PALERMO – Il Tribunale del Riesame accoglie il ricorso della Procura di Palermo e “ordina” l’arresto di Matteo Messina Denaro. Si può solo sperare che il fatto di scriverlo su un atto giudiziario sia di buon auspicio.
I pm palermitani nei mesi scorsi aveva inserito il nome dl latitante nell’elenco delle persone a cui “notificare” l’ordinanza di custodia cautelare in carcere per un’estorsione, ma il giudice per le indagini preliminari aveva respinto la richiesta. Da qui il ricorso del procuratore aggiunto Paolo Guido e dei sostituti Giovanni Antoci e Gianluca De Leo.
Secondo la ricostruzione dell’accusa, il capomafia di Castelvetrano nel 2013 avrebbe firmato una lettera intimidatoria per dirimere, a modo suo, la questione sull’utilizzo di un terreno.
Terreno che in passato era stato anche nella disponibilità di Totò Riina e poi del boss di Campobello di Mazara, Alfonso Passanante. La squadra mobile di Trapani aveva svelato il tentativo di estorsione nei confronti degli eredi del defunto Passanante affinché cedessero la proprietà di un vasto appezzamento di terreno in contrada Zangara.
Il gip aveva scritto che seppure “una pregevole opera di ricostruzione e interpretazione ad opera della Pg abbia individuato nel noto latitante il soggetto cui si riferivano gli interlocutori quale mittente” non c’era alcuna certezza che fosse stato realmente lui l’autore.
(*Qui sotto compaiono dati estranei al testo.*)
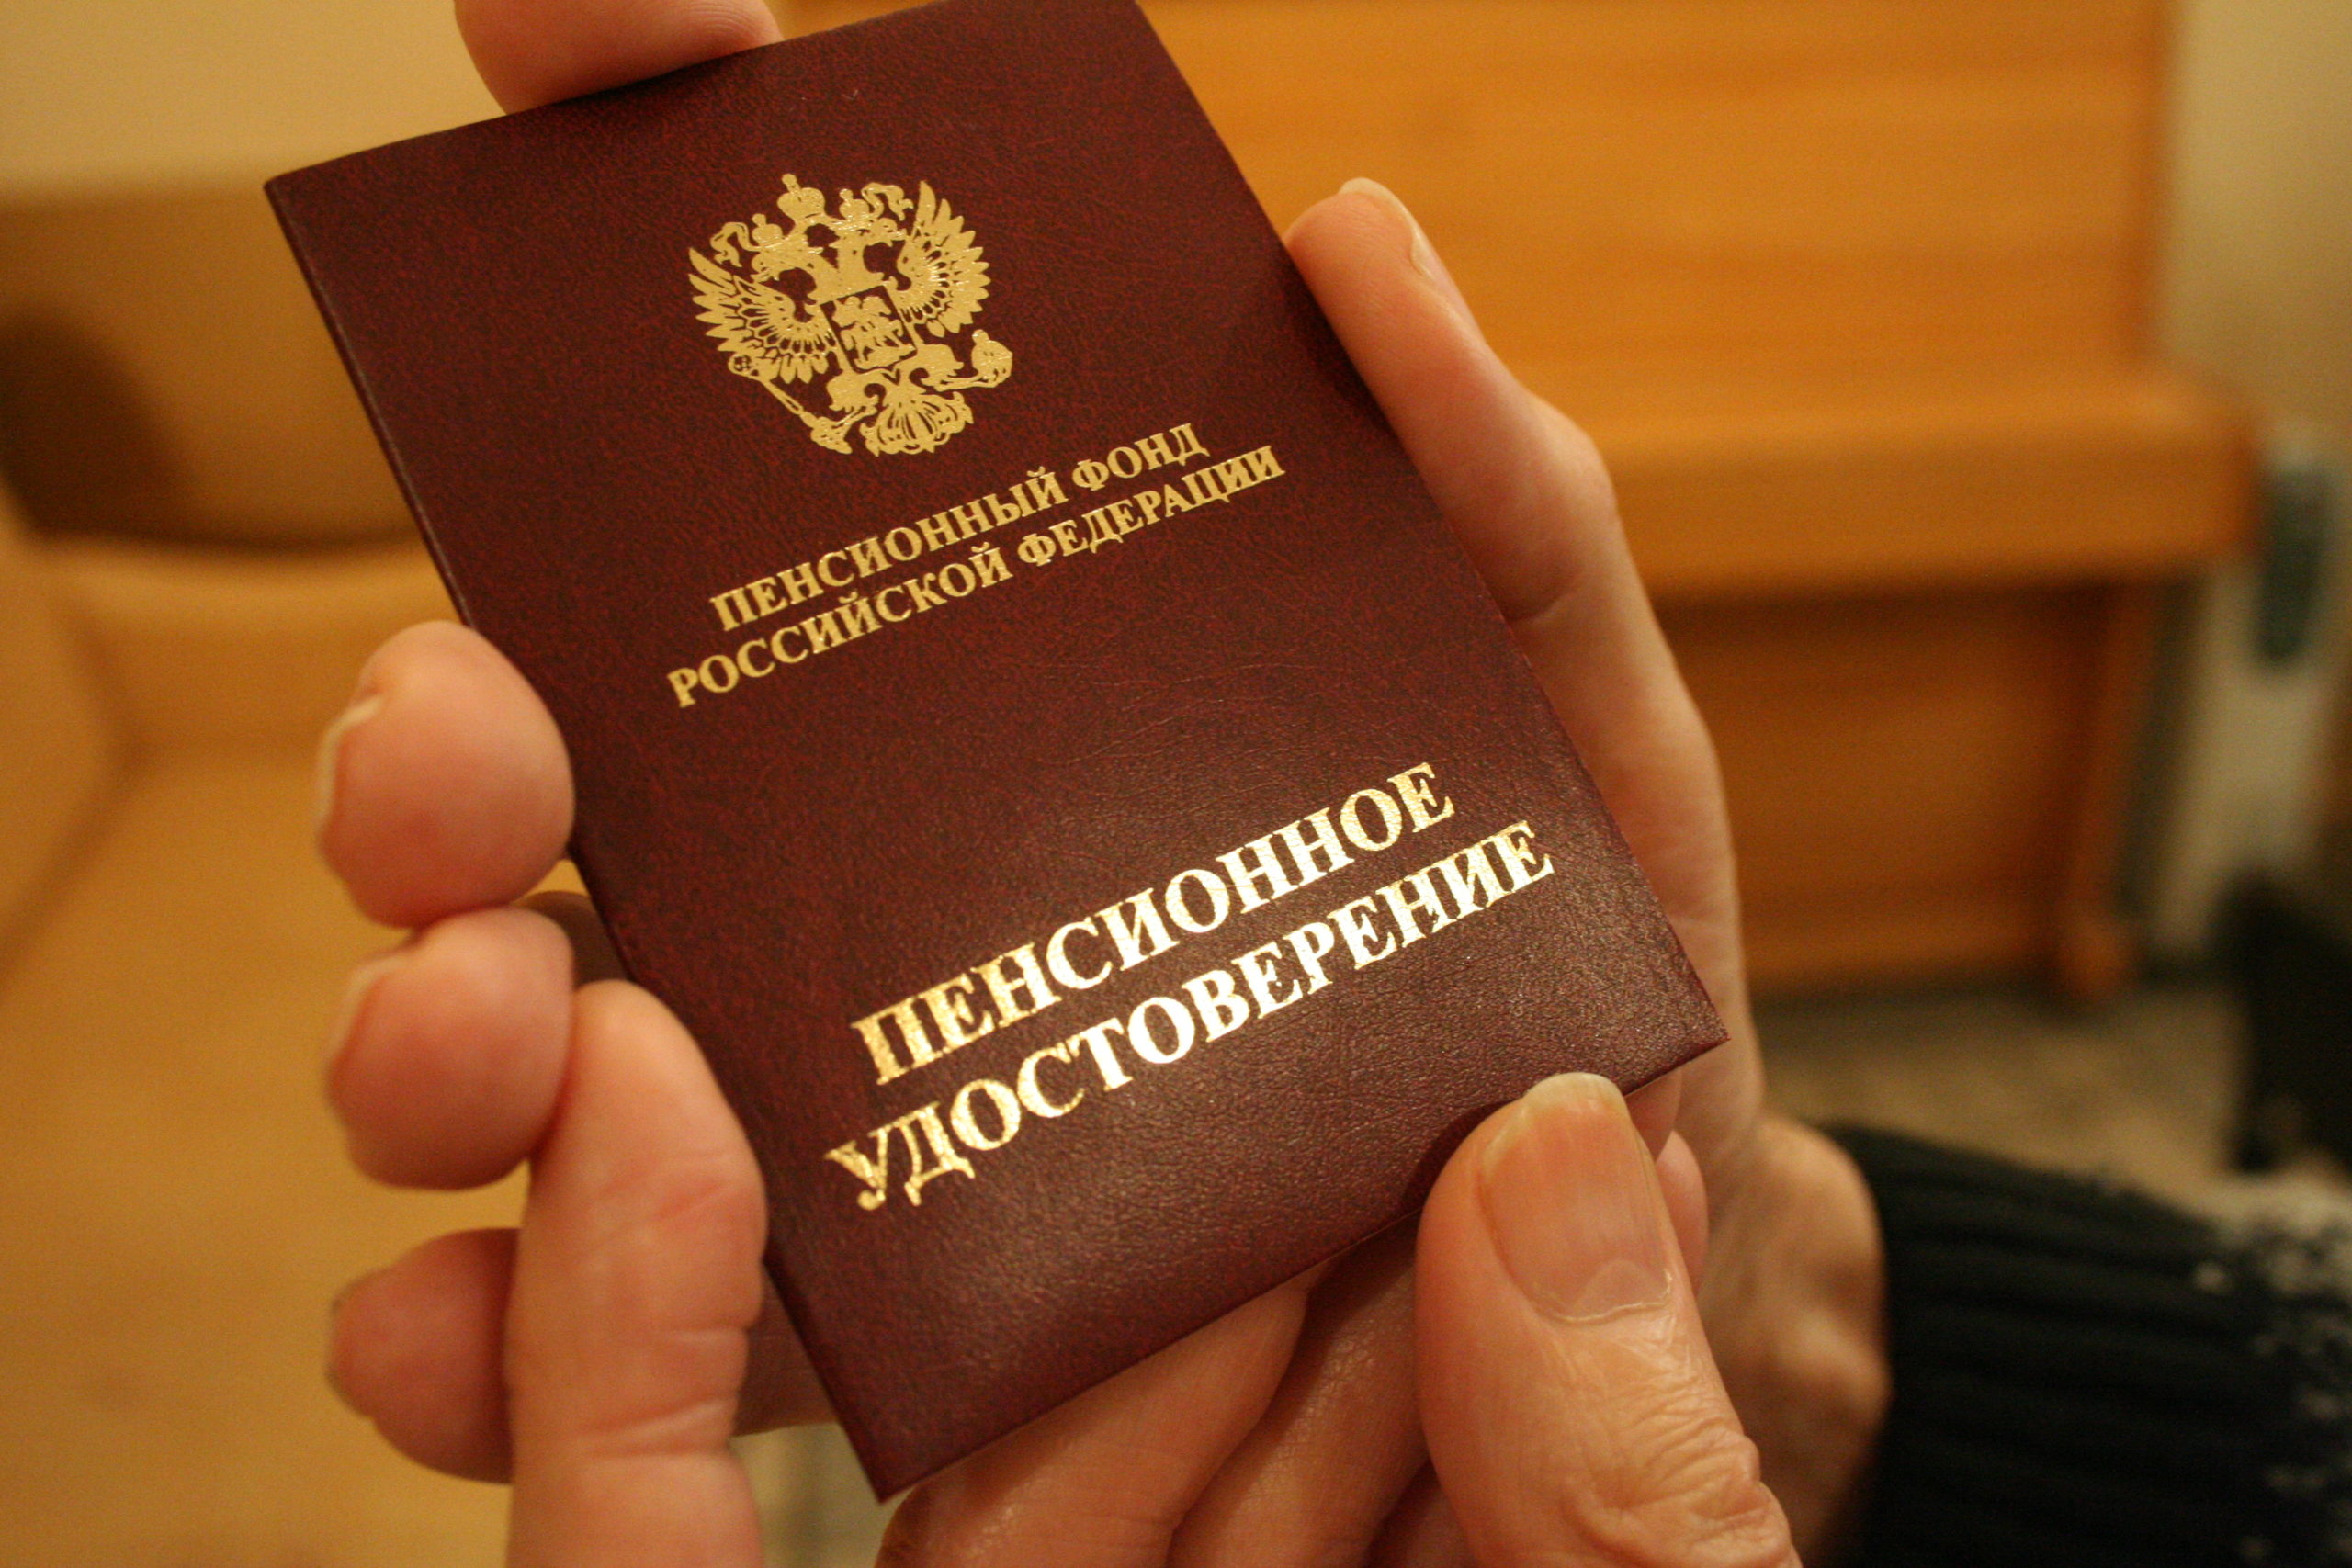 Получение пенсии при получении гражданства РФ

L’ipotesi era “tra l’altro poco conciliabile con gli ottimi rapporti vantati dai coniugi con i vari membri della famiglia Messina Denaro”.
Il 29 dicembre 2013 la figlia del boss Passannante fu intercettata mentre mentre chiedeva al boss di Campobello di Mazara, oggi deceduto, Vito Gondola informazioni sulla missiva che gli era stata consegnata da Vincenzo La Cascia.
Nella lettera si faceva riferimento ai figli della donna. “I vostri figli che c’entrano..”, chiedeva Gondola e la donna rispondeva: “Nella lettera così c’era scritto, zu Vito”. “Ma quale ammazzare – replicava Gondola – nessuno si è presentato da me”.
Il gip aveva sottolineato la “contraddizione intrinseca che toglie gravità agli elementi indiziari acquisiti” poiché “le persone offese si sarebbero, bellamente, rifiutate di soggiacere, e ciò nonostante una lettera di minacce proveniente dallo stesso latitante, sulla cui autenticità però mostravano di avanzare pregnanti dubbi”.
Non si conoscono ancora le motivazione del collegio del Riesame (giudici Pappalardo, Corleo, Flaccovio), ma il ricorso della Procura è stato accolto: “Messina Denaro va arrestato”. Difficile, però, arrestare un fantasma.